Polarettes, she noted, are planning a Christmas show that meets COVID requirements, where gymnasts will be able to perform for a small group of spectators (mainly their families).

While it is not a major competition like the Canada Games, it is proving to be a good motivator for athletes in a year where they will not be competing as they normally would.

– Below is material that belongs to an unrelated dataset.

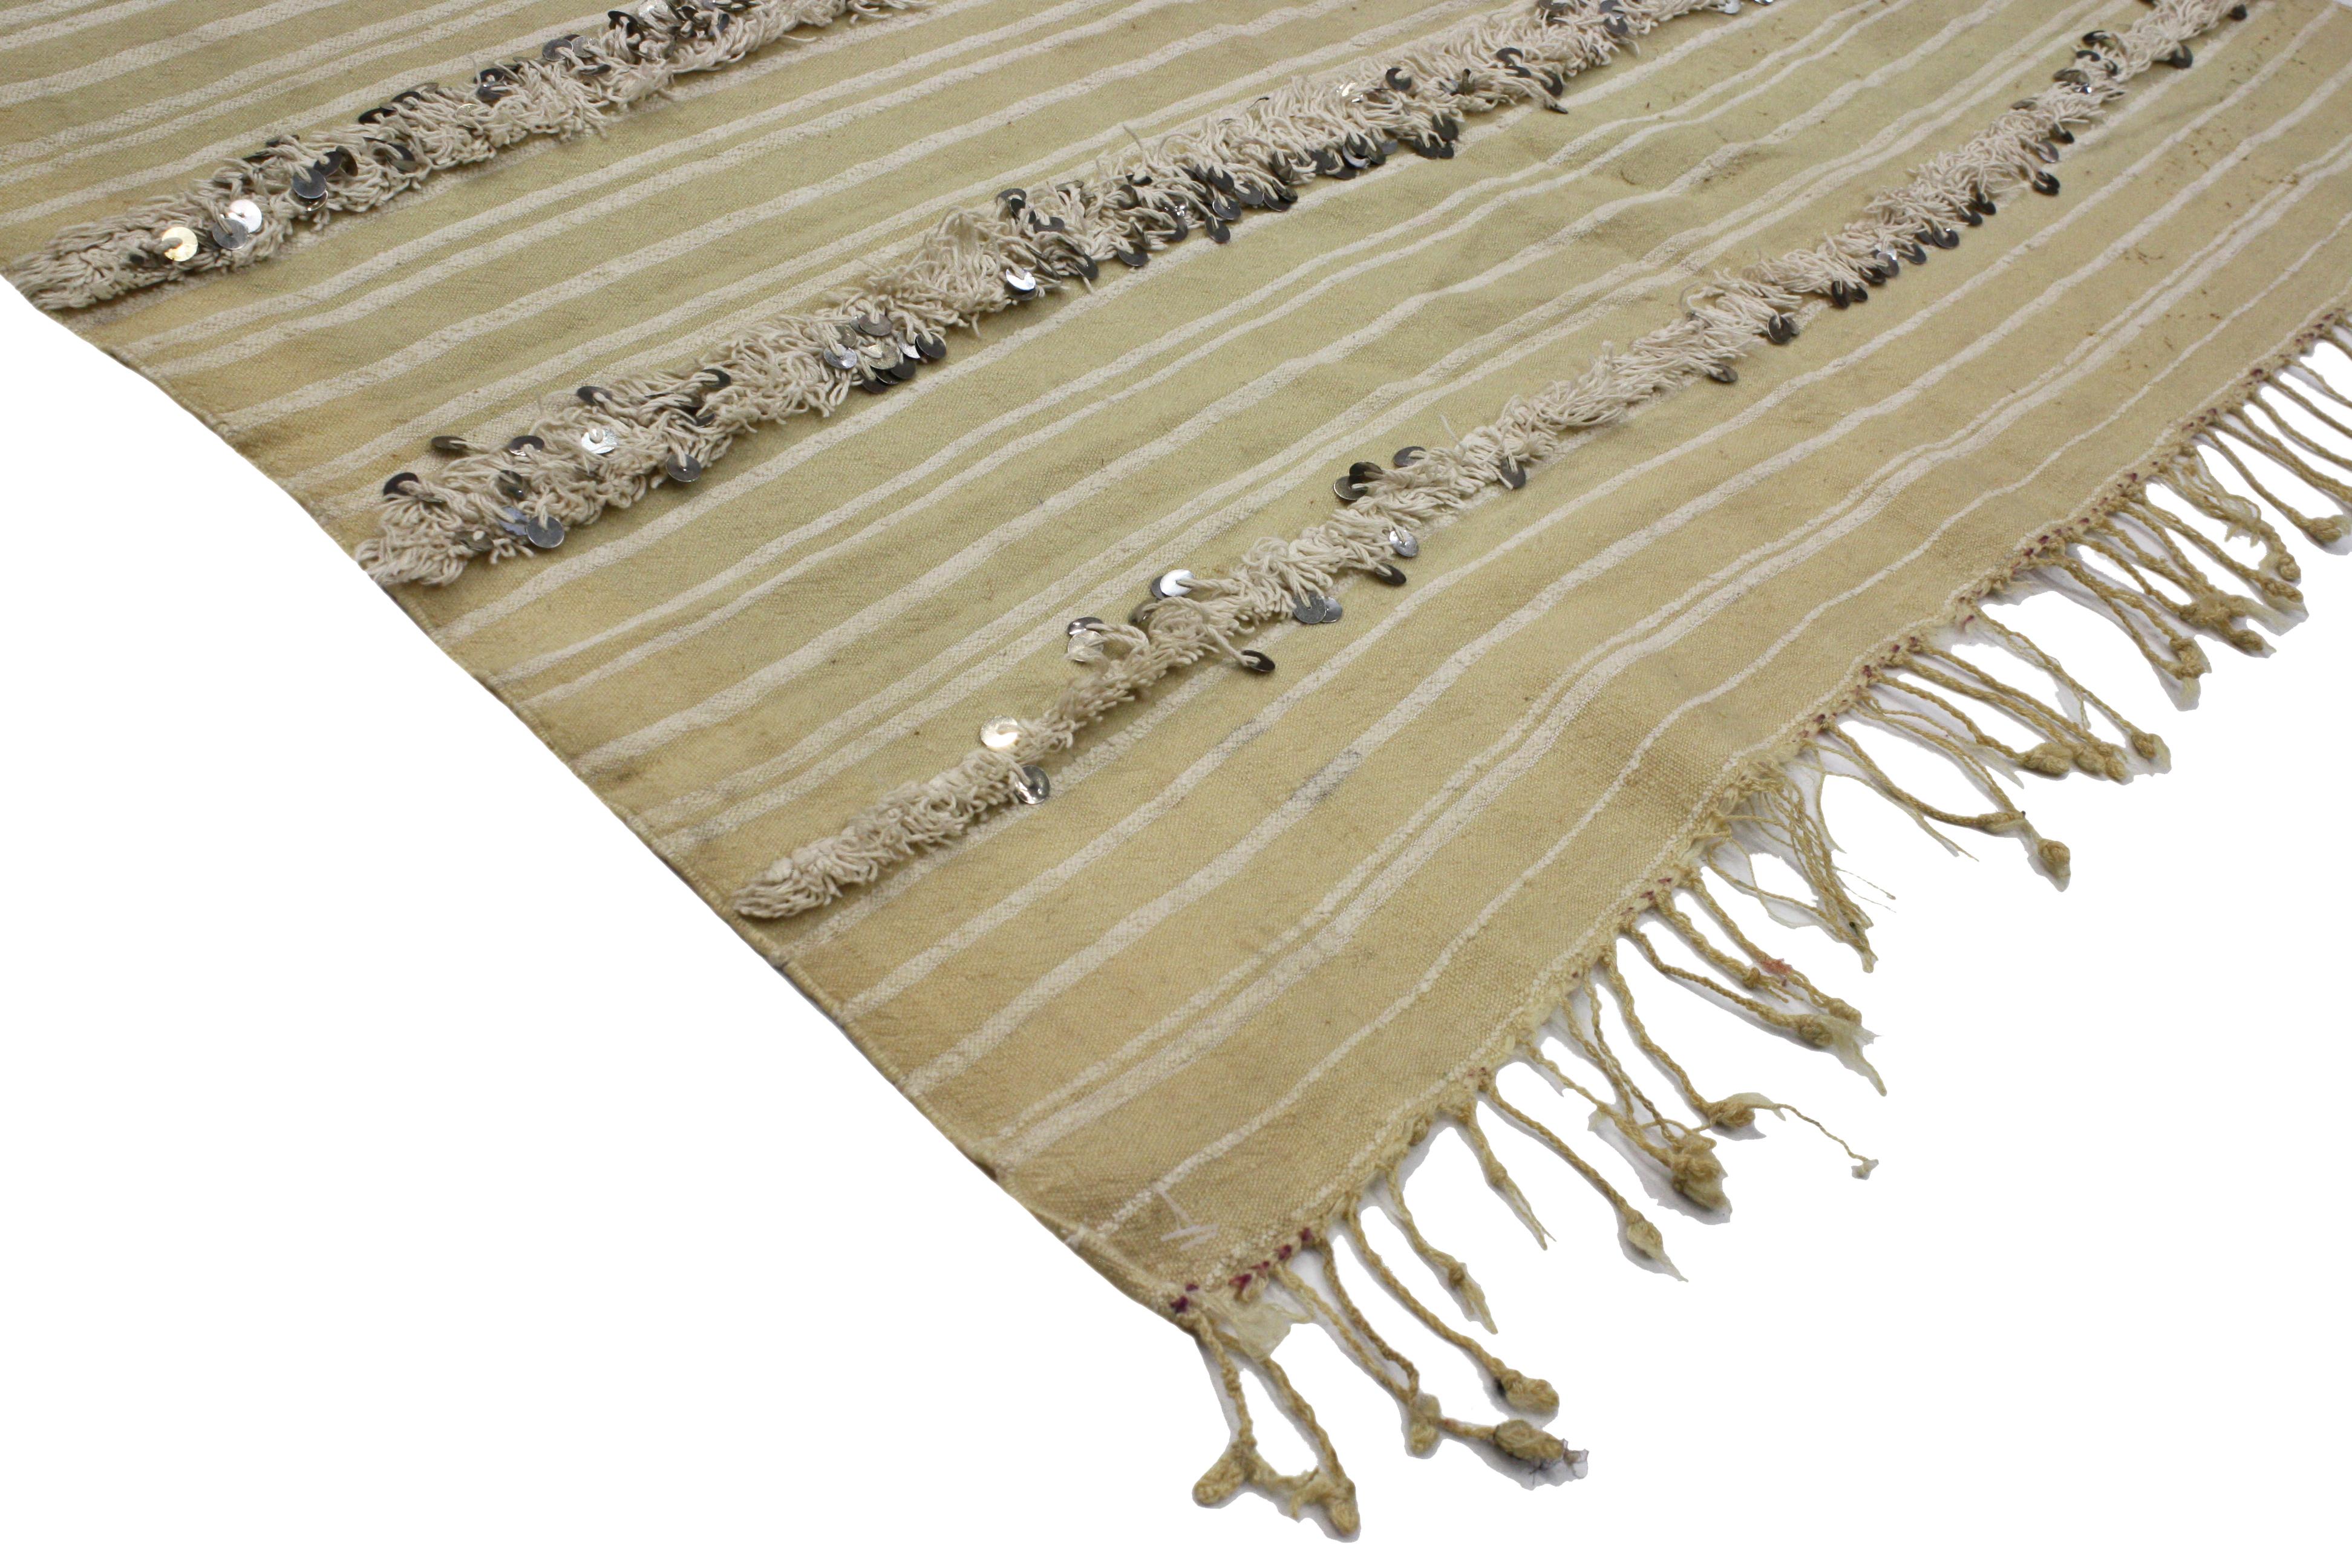    20326 Vintage Moroccan Wedding Blanket, Berber Handira Tamizart 03'01 x 5'00. This handwoven wool vintage Moroccan Wedding Blanket also known as a Berber Handira features rows of fluffy fringe embellished with paillette sequins. Generally woven

In an emailed correspondence, Department of Education spokesperson Susie Ross said that while there is a joint-use agreement in place with the city for use of school facilities like gymnasiums and multi-purpose rooms, this year the first priority is the health and safety of students and school staff and ensuring schools remain a low-risk environment.

“We have been working with the City of Whitehorse under the current context and have recently provided guidance to ensure after-hours use of school facilities follow the specific health and safety guidelines for school settings set by Yukon’s Chief Medical Officer of Health, including proper cleaning and disinfecting,” she wrote, noting updates to user groups will come from the city.

The most recent anticipated date user groups have been provided for schools reopening to them is Nov. 23.